Ani Tsankhung Nunnery ( 阿尼仓空寺 (Ā ní cāng kōng sì)) is a nunnery of the Gelug school of Tibetan Buddhism in the city of Lhasa, Tibet Autonomous Region, China.
It was built in the 15th century on a site that had been used for meditation by the 7th century Tibetan king Songtsen Gampo. The nuns support themselves through alms and manufacturing items such as clothing and printed texts.

==Building==

The word ani means 'nun', and tshamkhung means 'a place for spiritual retreat', or 'hermitage'.
Ani Tsankhung occupies a yellow building in the Barkhor area of downtown Lhasa.
It is southeast of the Jokhang temple, and is the only nunnery in the old city of Lhasa.
The building is three stories high.
In the main hall there is an image of Chenresig, the multi-armed Bodhisattva of Compassion.
Behind this there is a 7th-century meditation chamber that was used by Songtsen Gampo.
The nunnery has a collection of thirteen Thangkas from Ming and Qing dynasties depicting Buddhas and Bodhisattvas.

==History==

The 7th century Tibetan king Songtsen Gampo used to meditate at a natural cave in this location, and recited prayers to reduce the danger of flooding by the Lhasa River.
Doctor Gewahum meditated here in the 12th century.
Kujor Tokden, a close disciple of Tsongkhapa, established the nunnery in the 15th century.
The Tibetan Living Buddha Samding Dorje Phagmo began her life as a Buddhist at the monastery.
The Lama Pabongkhapa Déchen Nyingpo and Tampa Dhoedrak, throne holder of Ganden Monastery, enlarged the nunnery to its present size early in the 20th century.

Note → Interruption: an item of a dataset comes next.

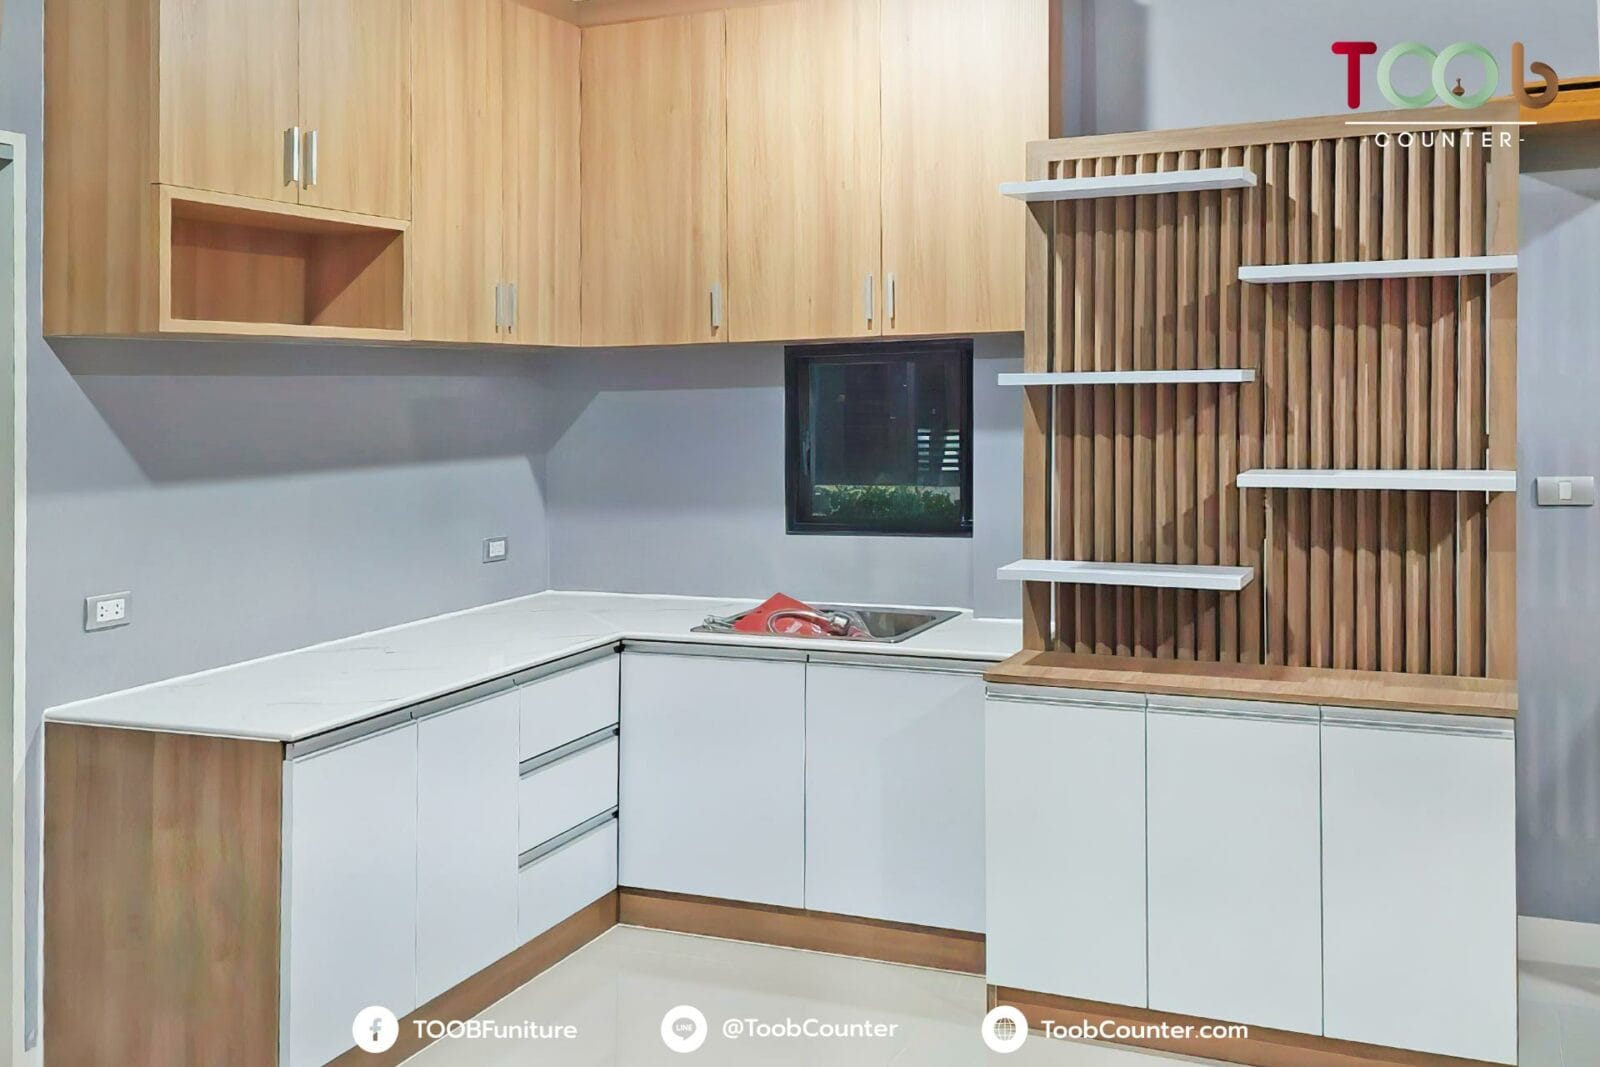 4. Minimal kitchen counter made to order by toob

The nunnery was closed for ten years during the Cultural Revolution, its statues destroyed and the nuns evicted.
Later it was allowed to reopen by the Lhasa Municipal Bureau of Religious Affairs.
Today there are more than one hundred resident nuns.

==Activities==

The youngest nuns are sixteen. The young women live on the ground floor and the older people live upstairs.
The nuns are poor, dependent on alms given for their prayers, and on manufacturing goods for sale.
Their work includes sewing, weaving and making handicrafts. They also have a small workshop where they print religious texts.
The nuns run an inexpensive outdoor restaurant, which is busy at lunch time, serving bowls of noodles and dumplings.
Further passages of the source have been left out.